Удивительно, но охрану предполагаемого штаба не усилили. Скорее, даже ослабили: мы нигде не обнаружили даже следов боевиков в чёрных комбезах, которые, судя по всему, были местной элитой. Или же отрядом быстрого реагирования.
Да и стационарные посты оказались укомплектованы не полностью.
Тщательно всё проверив с помощью «теплаков», мы пробрались до самого дома, сначала следуя через парковку, где стояли сгоревшие и разукомплектованные машины, потом через детскую площадку и вдоль соседнего дома.
Подвалов и пожарных лестниц в домах этого проекта не было. Только железные трапы на балконах выше седьмого этажа. Значит, единственный путь попасть внутрь — через подъезд или через одну из квартир.

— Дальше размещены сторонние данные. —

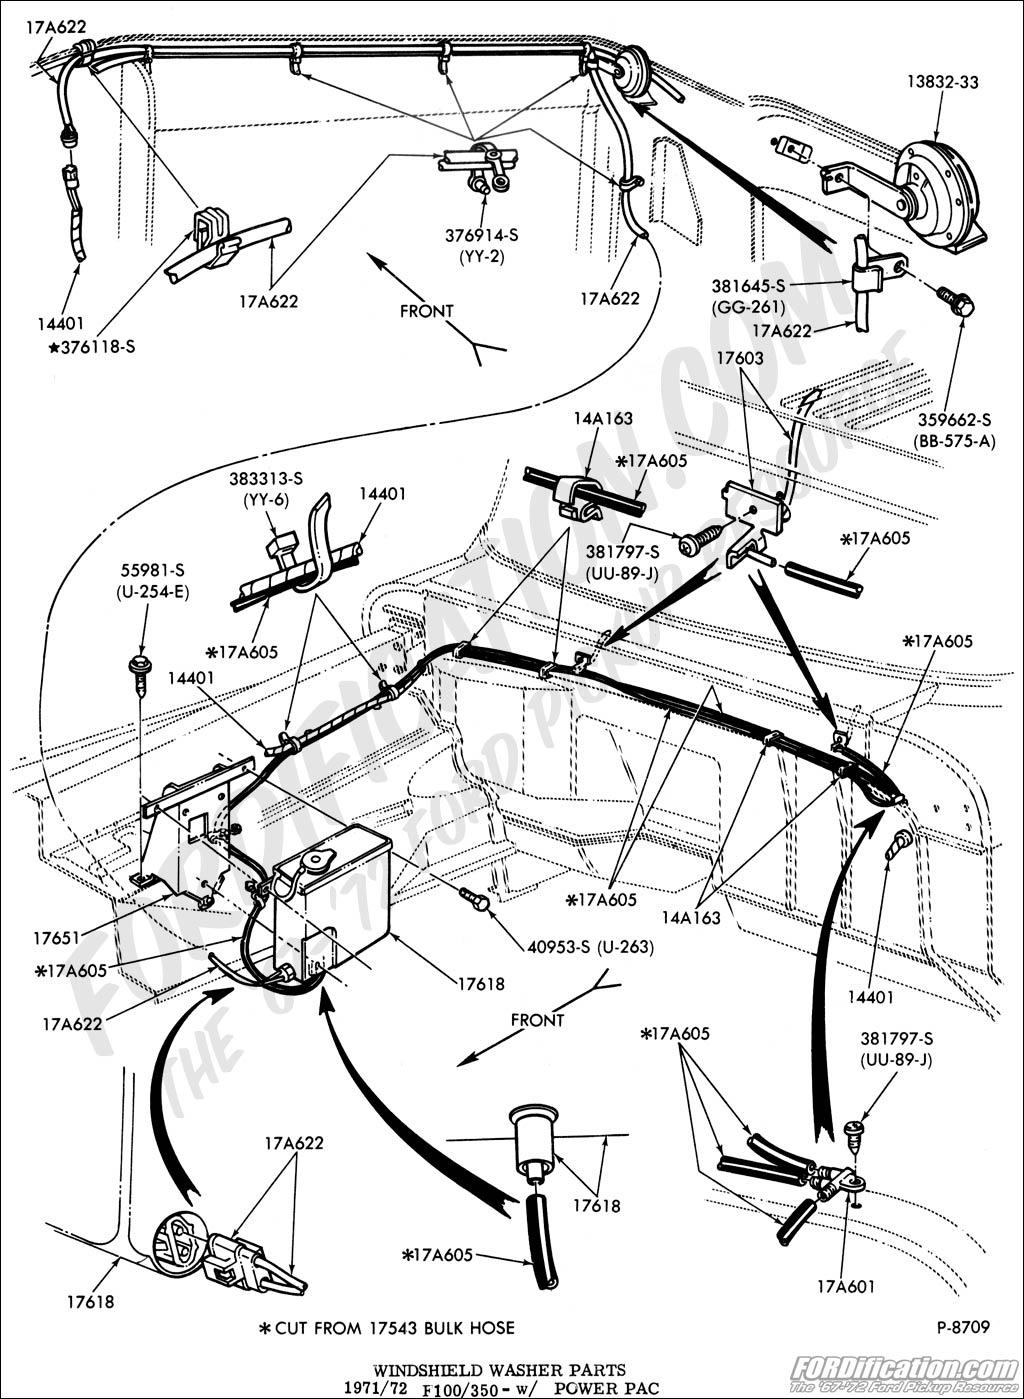 1997 honda accord window wiring 14 1997 honda accord interior 1997 honda accord window wiring

Когда мы залегли с обратной стороны дома, я внимательно осмотрел окна квартир в «теплаке» и без.
Люди были на пятом, шестом и восьмом этажах. Остальные квартиры, похоже, стояли необитаемыми, или же их использовали время от времени.
Окна первого этажа были сплошь заколочены фанерными щитами. А вот на третьем этаже справа зияло одно разбитое окошко. Я прикинул и решил, что туда вполне можно залезть по бортикам лоджий.
Тихонько пихнув Рубина в плечо, я указал на разбитое окно. Он кивнул в ответ, мол, заметил.
«Пойдём?» — жестом спросил я, указывая на лоджии. Немного поколебавшись, он снова кивнул.
Подтягивания и другие акробатические упражнения дались тяжелее, чем я думал: сказывались недосып и долгое отсутствие нормальной еды. Но мы справились.
Лоджия на третьем этаже была завалена каким-то бытовым хламом. Дверь, ведущая в комнату, была цела. Можно было попытаться проникнуть внутрь через неё, но пришлось бы бить стекло. Поэтому мы решили всё-таки воспользоваться разбитым окном, до которого было всего-то около метра вдоль наружной стены.
Плохо, что разбитое стекло осыпалось не полностью, оставив местами в раме острые осколки. Однако темнота вокруг уже посерела, предвещая скорый рассвет, и опасность было хорошо видно.
Я дотянулся до рамы. Повис на ней, подтянулся. Встал на корточки и аккуратно пролез внутрь. Спрыгнул с широкого подоконника внутри комнаты.
Внутри были следы поспешных сборов или обыска: много хлама навалено на полу, дверцы шкафа открыты. Но в целом всё сохранилось неплохо, что даже удивительно, учитывая разбитое окно.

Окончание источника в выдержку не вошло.